WenleiHe · 2024-01-03T03:59:43Z

We will need some protection against accidentally consuming old profile with new toolchain and vice versa. The cost of investigating mysterious perf regression can be high and we'd rather simply error out in those cases. Maybe consider some flag for SecProfSummaryFlags (also wondering if this needs to be per-function flag since technically some function/module can be compiled with old order while others with new order).

Can we gauge perf benefit of mixed order encoding? i.e. profile an old source rev (several weeks ago?) with both probe order, and build with new source rev using that old profile, then see how old vs new order compare in terms of perf and efficacy with incremental PGO.

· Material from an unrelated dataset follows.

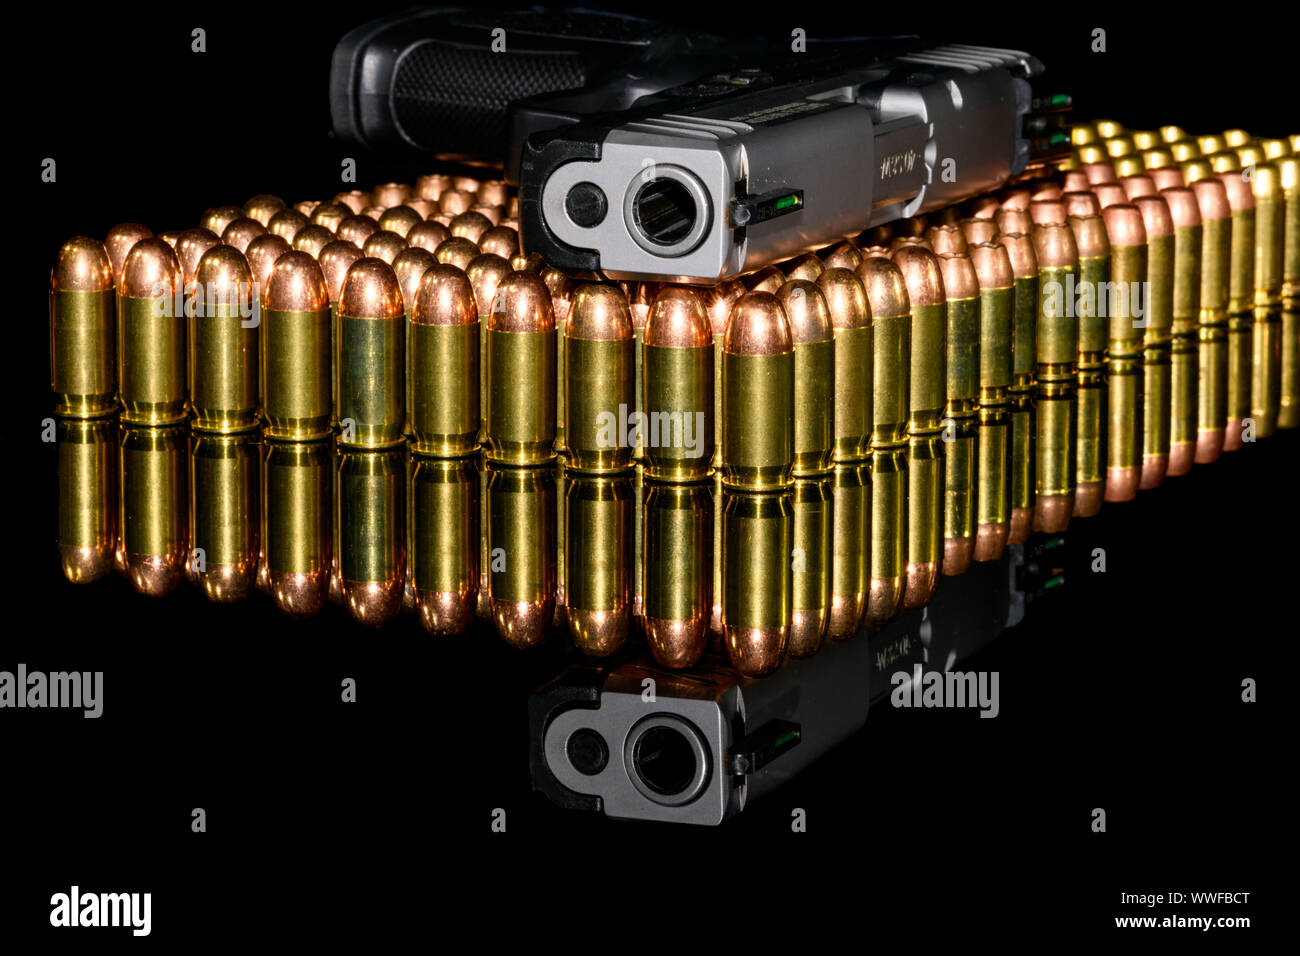 Pistolet semi-automatique sur les rangées de munitions, de munitions sur fond noir et de réflexion Banque D'Images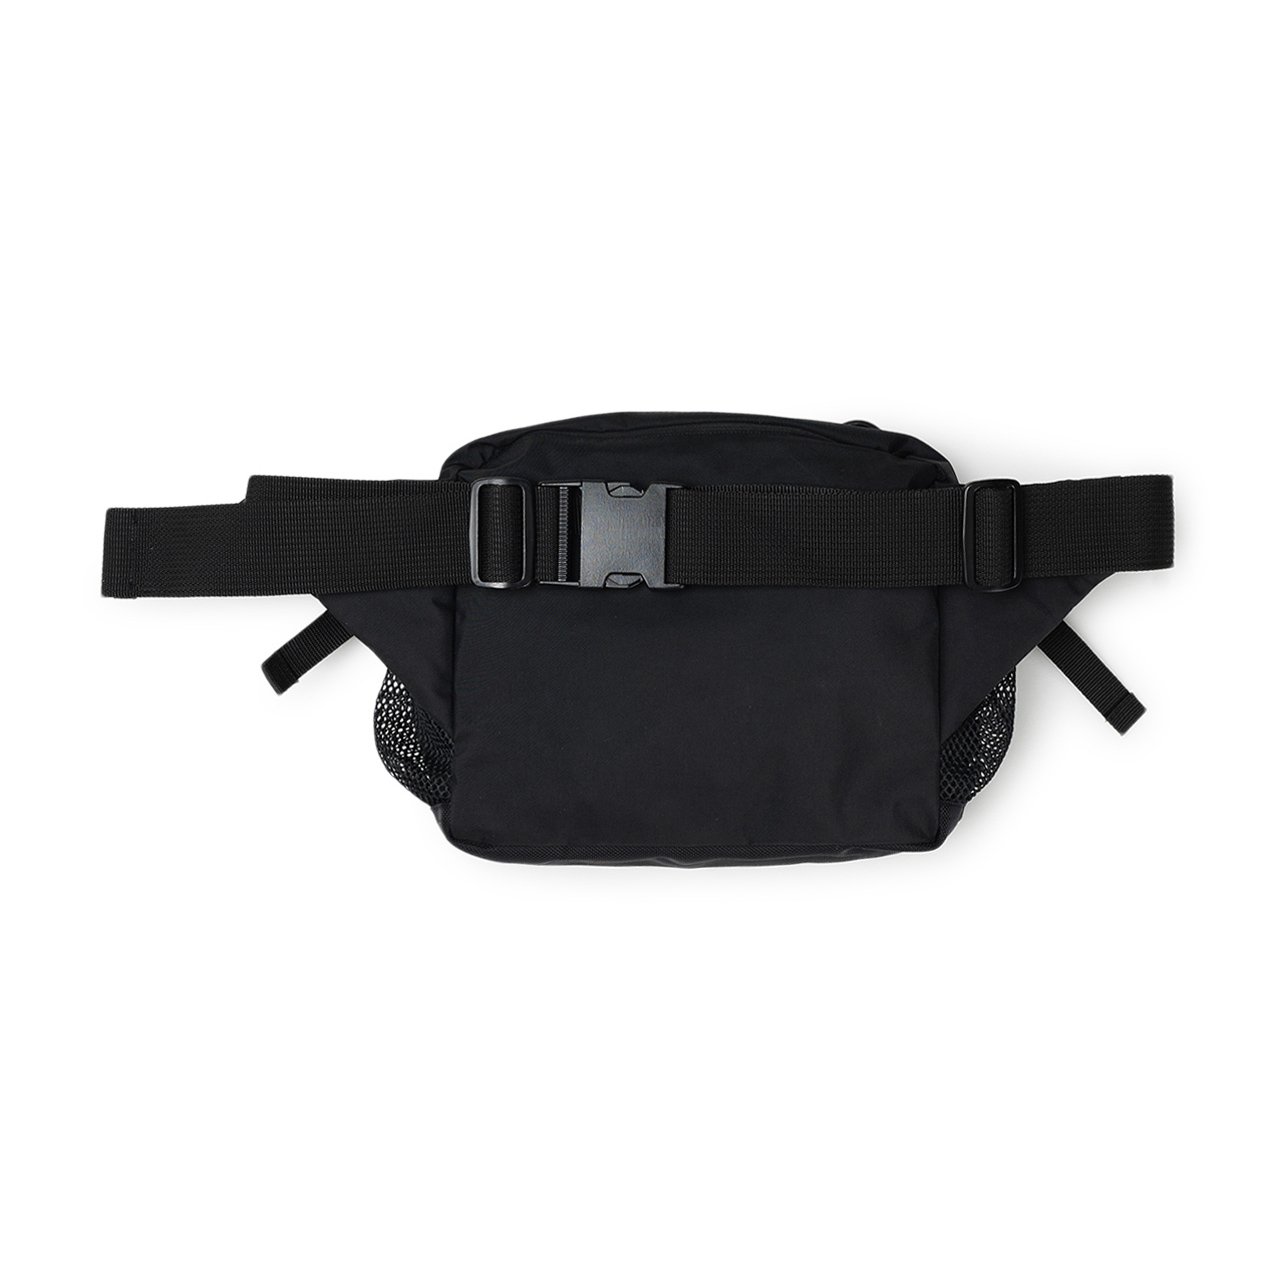 flagstuff body bag (black) - 19ss-fs-70-blk - a.plus - Image - 2

wlei-llvm · 2024-01-04T17:55:00Z

We will need some protection against accidentally consuming old profile with new toolchain and vice versa. The cost of investigating mysterious perf regression can be high and we'd rather simply error out in those cases. Maybe consider some flag for SecProfSummaryFlags

Agreed with this concern. To do this, we probably also need a flag in the binary, because otherwise if we use the new toolchain for prof-gen but the binary built on the old toolchain, we then would generate a profile with this flag on but the order is the old one. My understanding is the (probe) version of profile should line up with the version of the binary. Maybe make this more general, we can introduce a "pseudo_probe_version" thing, similar to instrPGO https://github.com/llvm/llvm-project/blob/main/llvm/include/llvm/ProfileData/InstrProf.h#L996 . It can be useful if we want to update other pseudo probe formats in future.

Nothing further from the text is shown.